CalculusSandwich said:
So it states: The Equation Ax=b has a solution if and only if b is a linear combination of the columns of A.
That means the columns of A are linearly dependent.
No it doesn't. If the columns of A were linearly independent, they would span all of the underlying vector space and so Ax= b would have a solution for
all b. If the columns of A are
not linearly independent they they span a subspace, Ax is in that subspace for all x, and so Ax= b only if b is in that subspace: if b is a linear combination of A.
So then if I have a matrix A and a vector B, and after row reduction on Ax=B i get, the identity matrix.
Only if the columns of A are linearly independent!
So does that imply that Ax=B has no solutions
Or that Ax=B has the trivial solution.
Neither. It implies that Ax= B has a
unique solution for all vectors B. It implies that the equation Ax= 0 has the unique solution x= 0 which is the "trivial solution".

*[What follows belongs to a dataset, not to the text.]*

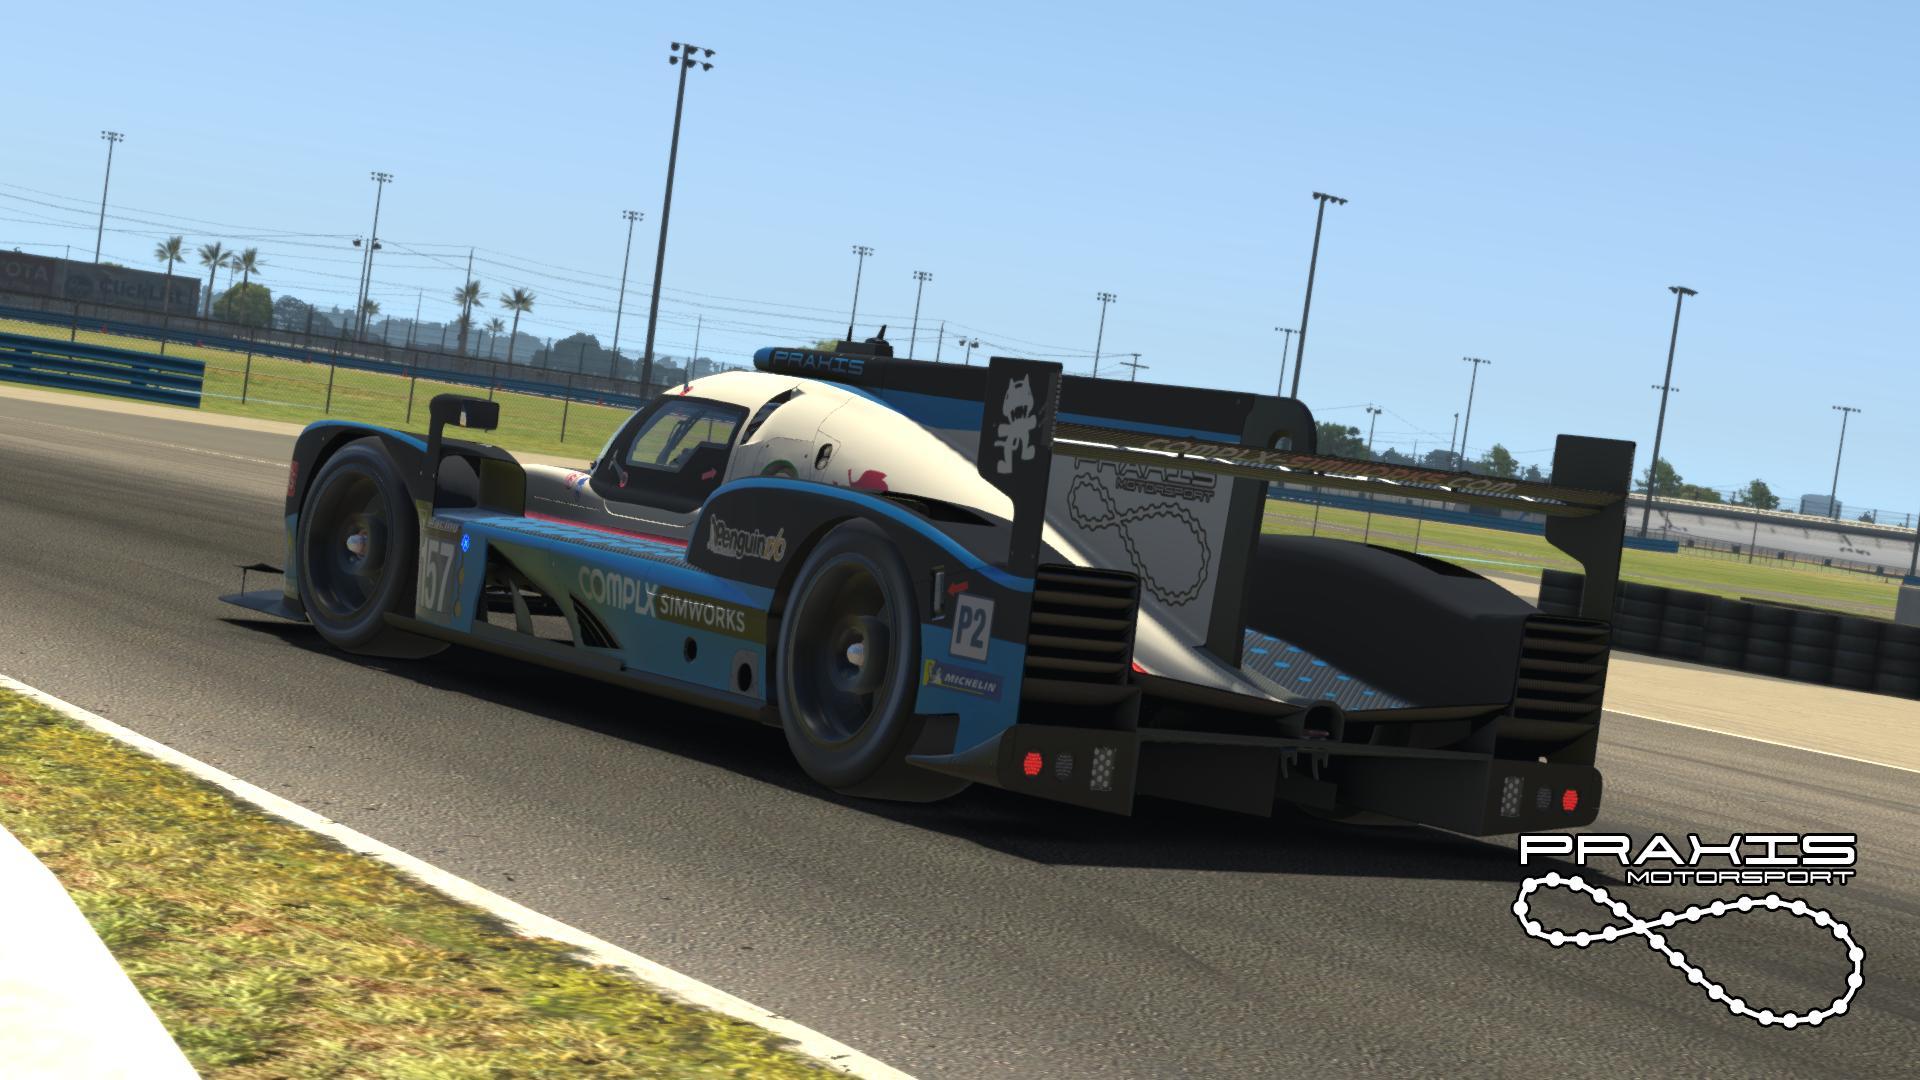 Praxis Motorsport Daytona 24 2021 - Blue Variant by ...
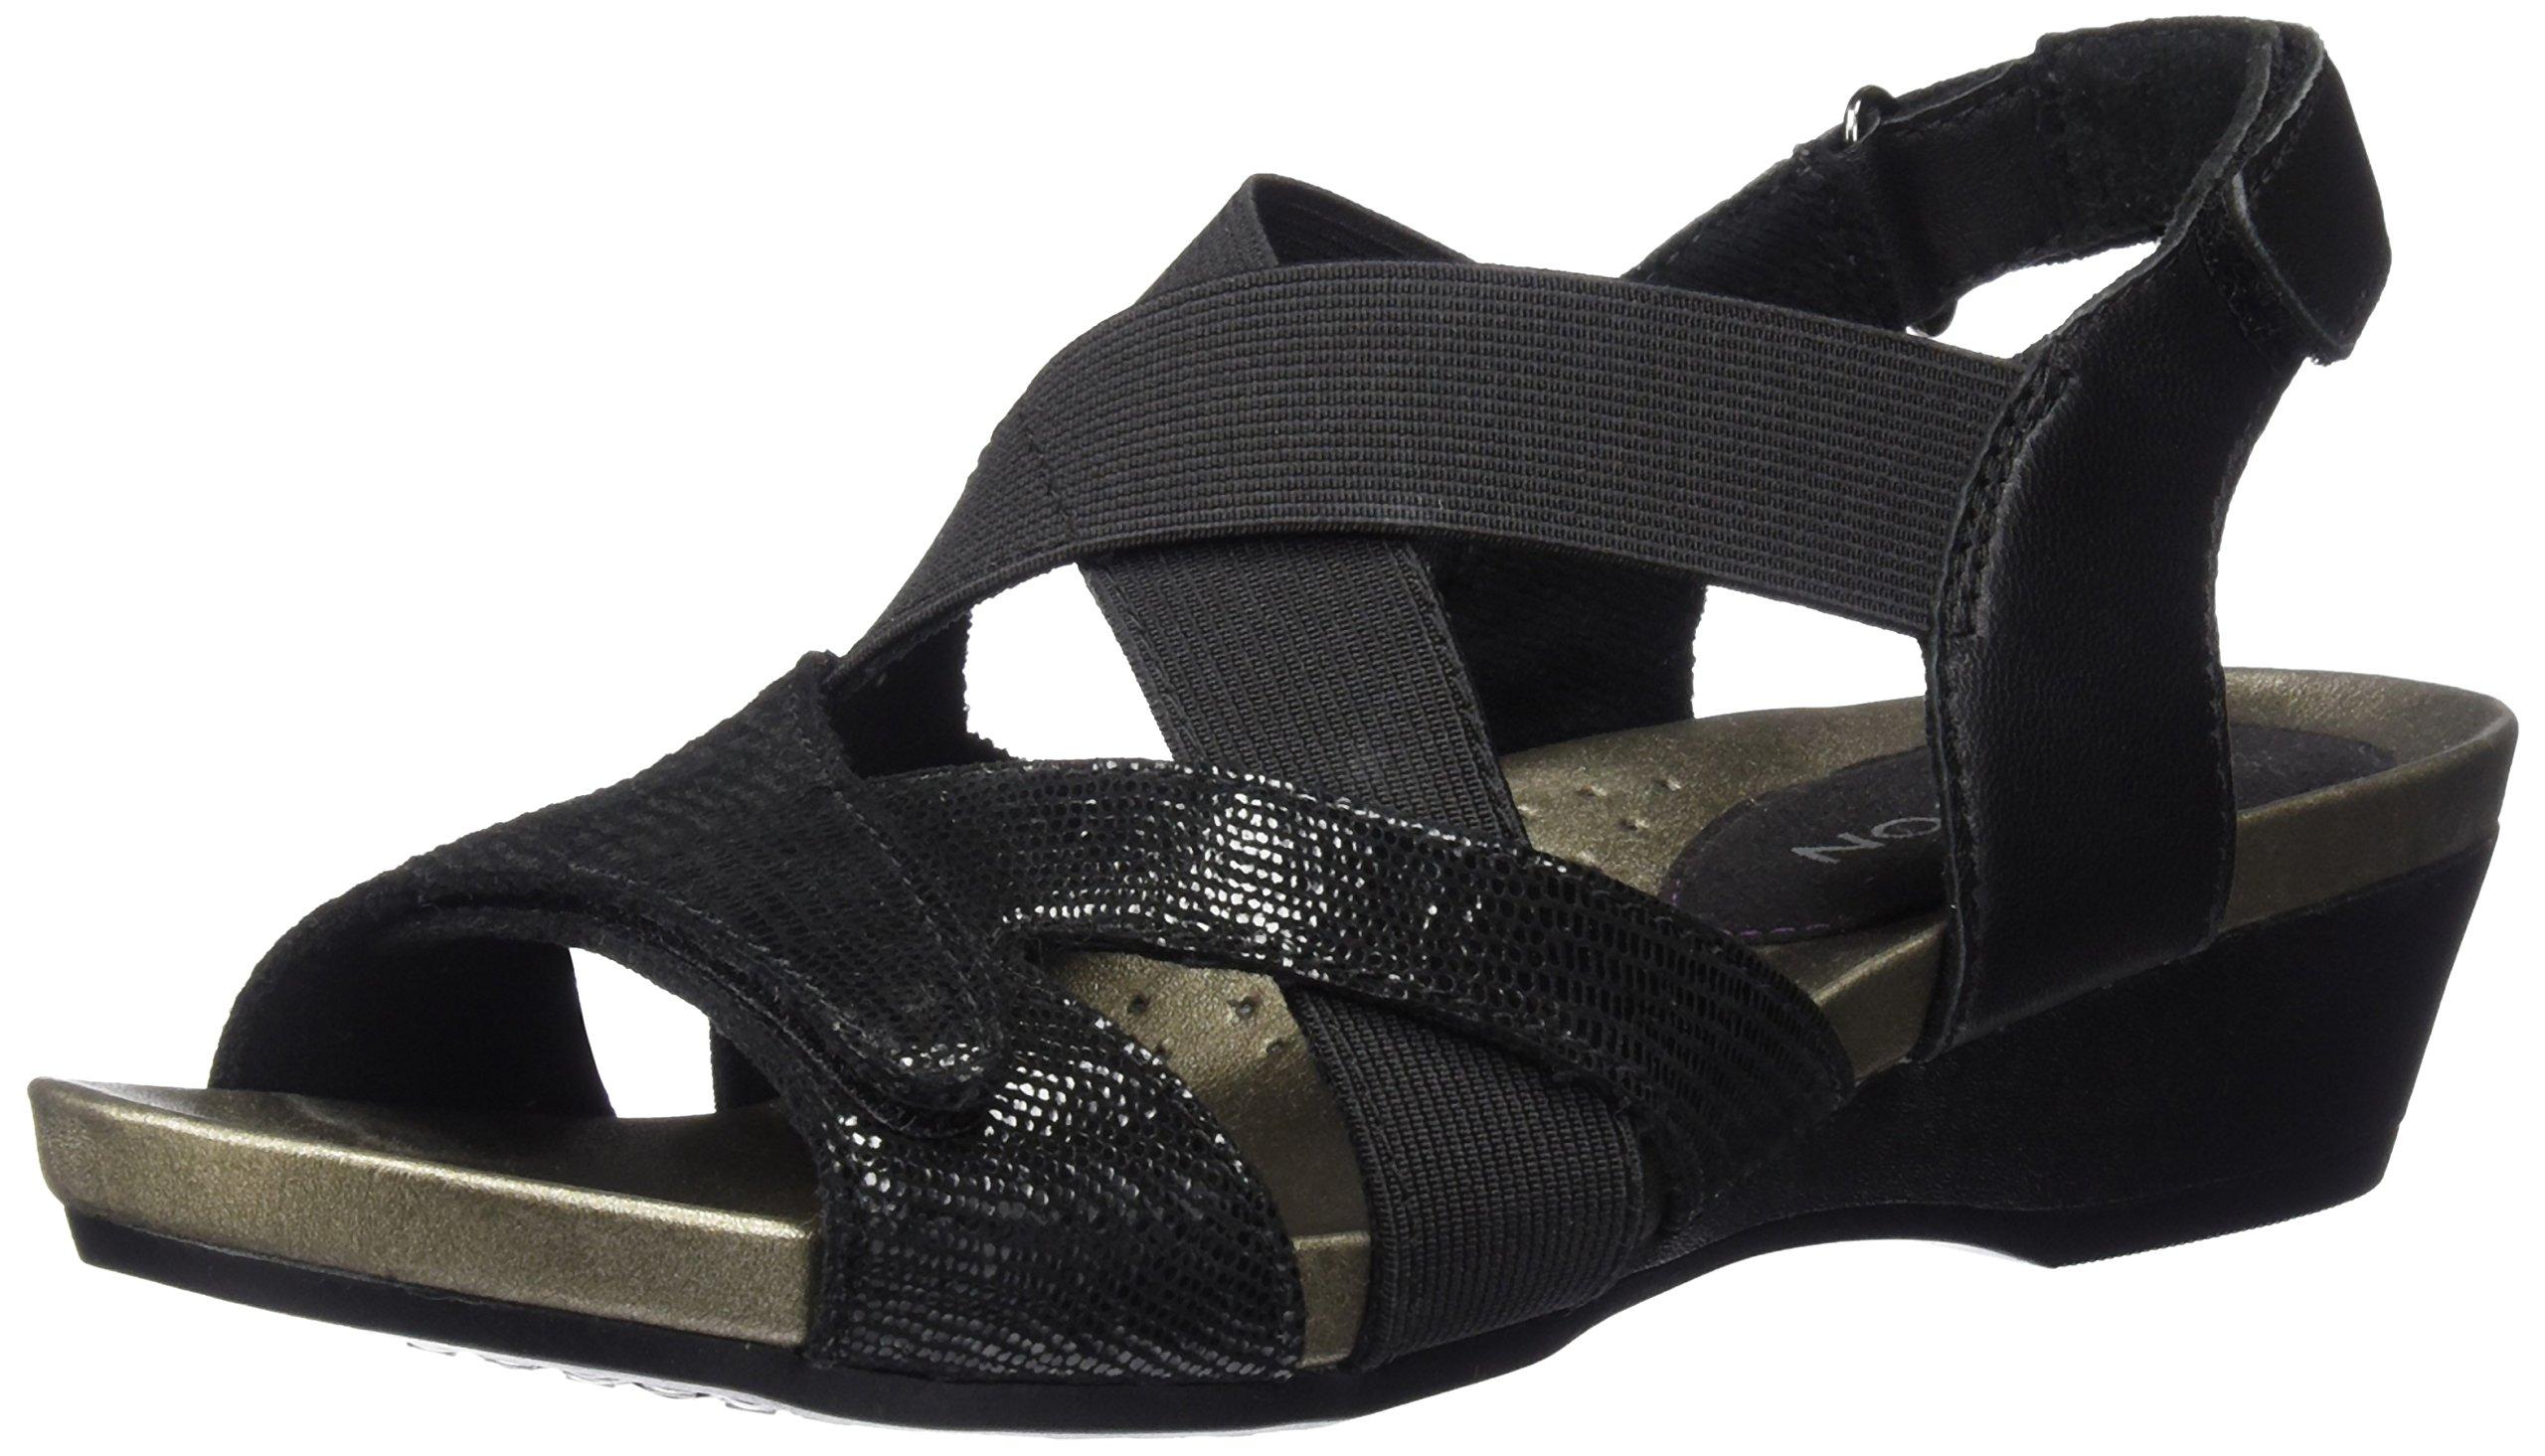 Aravon Women's Standon X Strap Heeled Sandal, Black, 6 D US

If the columns of A are not linearly independent (so A is not invertible) then Ax= B either has an infinite number of solutions (if B is in the subspace spanned by the columns of A) or there is no solution (if B is not in the subspace spanned by the columns of A).
(If the columns of A are not linearly indepenent, then the
null space or "kernel" of A is non-trivial. If x is a solution to Ax= B, then so is x+ y for any y in the null space of A. That's why Ax= B has an infinite number of solutions in this case.)